Allegiant flight attendants picket headquarters

After two years of on-again, off-again negotiations, Allegiant Travel Co. flight attendants have made little headway in their negotiations with management to forge their first union contract.

But as about 20 of them picketed in front of the company headquarters on Wednesday, they had received a bit of a boost over the weekend in their efforts to pressure the company by highlighting operating snafus at the Allegiant Air unit. An Allegiant flight from McCarran International Airport on Sunday that arrived at Mesa, Ariz., four hour and 20 minutes late received international attention when a passenger posted to YouTube a video of passengers breaking out in a spontaneous rendition of the song, “I Believe I Can Fly.”

“We’re hoping that Maury (chairman and CEO Maurice Gallagher Jr.) will being to realize the value that employees bring to the company and negotiate seriously,” said Debra Petersen-Barber, a flight attendant and lead negotiator on behalf of about 600 flight attendants. “There is also a board of directors, and we’re hoping some of them will stand up to (Gallagher) and say, ‘Enough is enough.’”

The flight attendants voted for representation by the Transport Workers Union in December 2010. Talks began the following June but have been stalled over several issues for the past nine months.

Company spokesman Brian Davis declined to comment on specifics.

“Management is interested in attacking issues, not each other,” he said. “We’re working with the union in good faith on a range of issues and trying to reach solutions beneficial to both.”

Although a number of disagreements have cropped up, the three main areas outlined by Petersen-Barber include:

— A dues check, where union dues are automatically deducted from pay much like taxes. Gallagher has adamantly opposed this, but the union claims it is necessary to fund itself.

— So-called duty regs, allowing flight attendants to receive compensation for time on a shift where they are not actually working on the plane, such as during major delays due to mechanical problems. The company has said the flight attendants are already fairly compensated, but Petersen-Barber said they are more interested in making the company call in fresh crews for unusually long shifts rather than money.

— The length of the contract. The company wants a long term for financial certainty, but the union prefers a short one the first time so any shortcomings can be corrected.

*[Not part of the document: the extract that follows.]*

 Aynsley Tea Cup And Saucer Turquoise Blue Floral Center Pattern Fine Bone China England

“We want this company to be successful,” Petersen-Barber said. “We just want a fair contract.”

According to Davis, the ill-starred Flight 582 to Mesa pushed back from the gate four different times, and had to return twice due to unspecified mechanical problems and once due to a passenger illness. The latter instance necessitated changing plans.

This led to about 90 minutes of waiting in Concourse D at McCarran and two other stretches of one hour and 20 minutes each on the plane in temperatures of about 110 degrees. The limited cooling capabilities of Allegiant’s MD-80 series jet liners aggravated the wait on board.

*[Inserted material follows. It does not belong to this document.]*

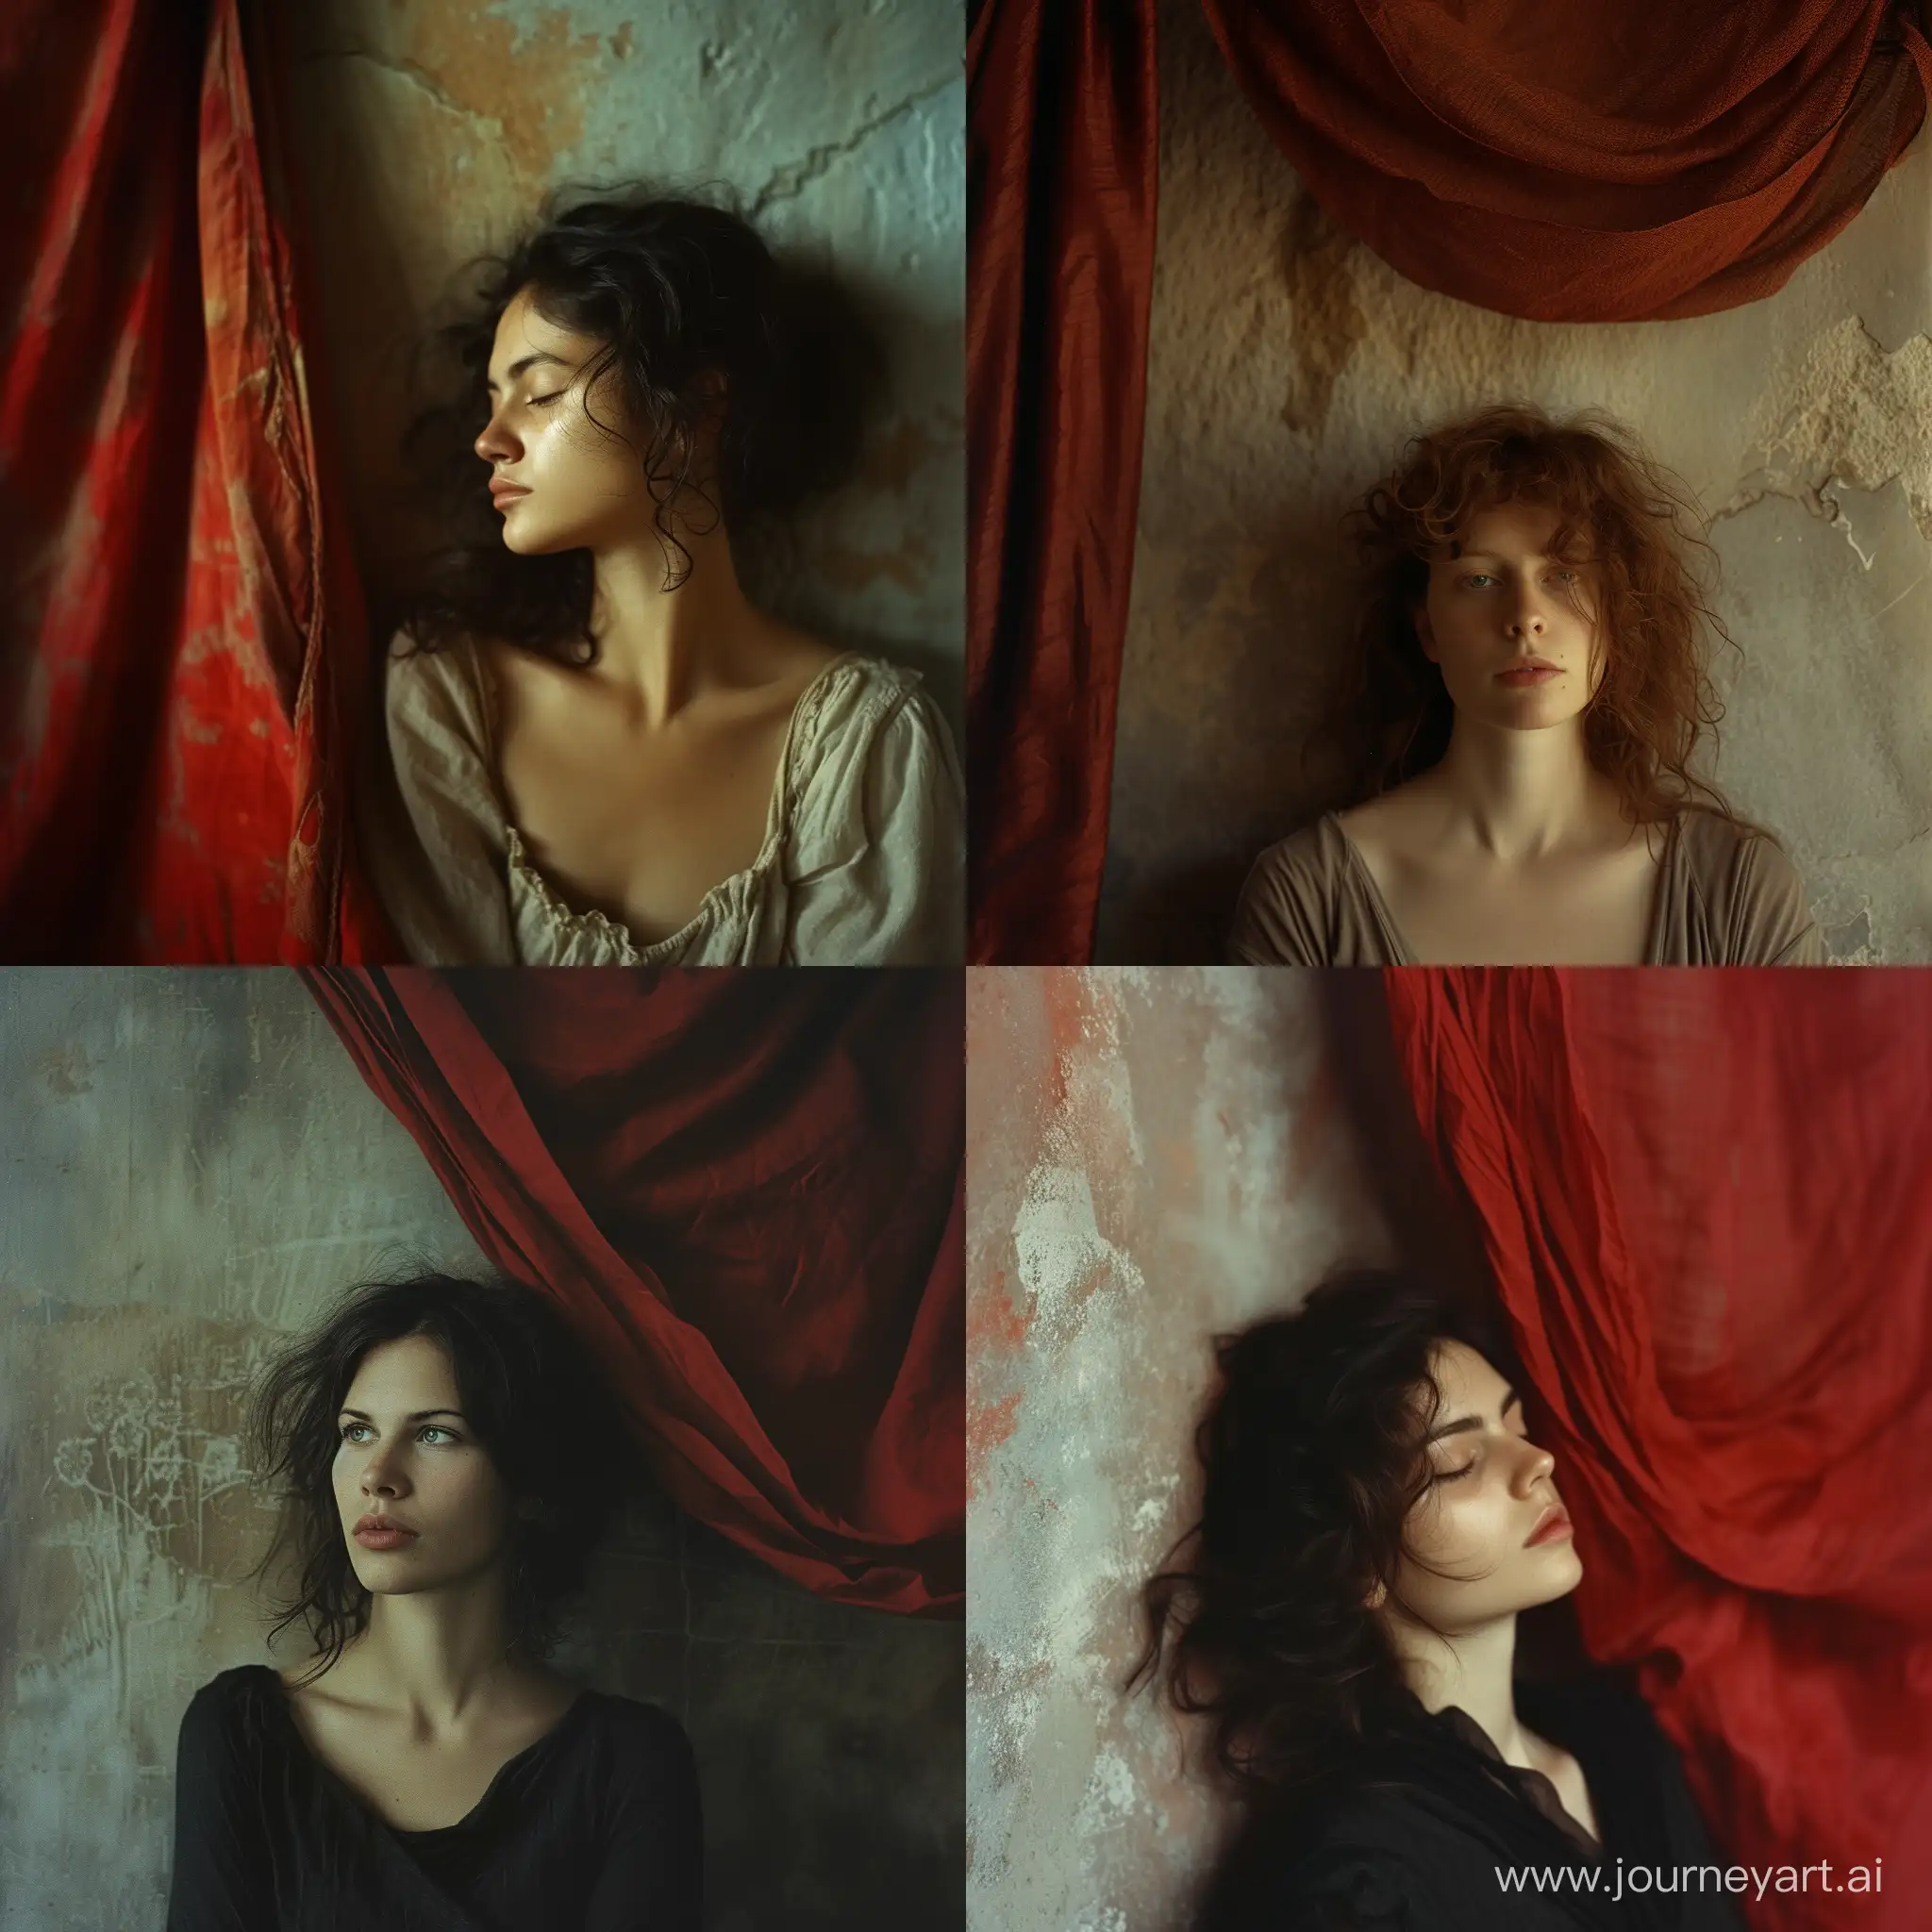 photographic portrait of a 40 years old, Italian woman, peaceful and relaxed expression, vivid  eye contact, wavy hair, leaning against an earth-colored wall with a red drape hanging from the ceiling, Shot with Kodak Portra 160::2 by Katia Chausheva::2

The passenger-made YouTube video had already received nearly one million view hits by Wednesday afternoon and several other versions were added. Although it shows passengers in a party mood during the delays, Petersen-Barber said flight attendants in other parts of the plane were “subjected to verbal abuse, being called horrible names.”

Flights attendants could strike if other methods don’t lead to a contract, and the company has already trained people elsewhere in the company to take their places. But the attendants says they want to avoid this scenario.

“I’m proud the way Allegiant makes profits, but I am not proud of the way they have treated us,” said flight attendant Diane Chimko. Recalling her days at Continental Airlines when labor strife was rampant, she added, “I never want to do that again.”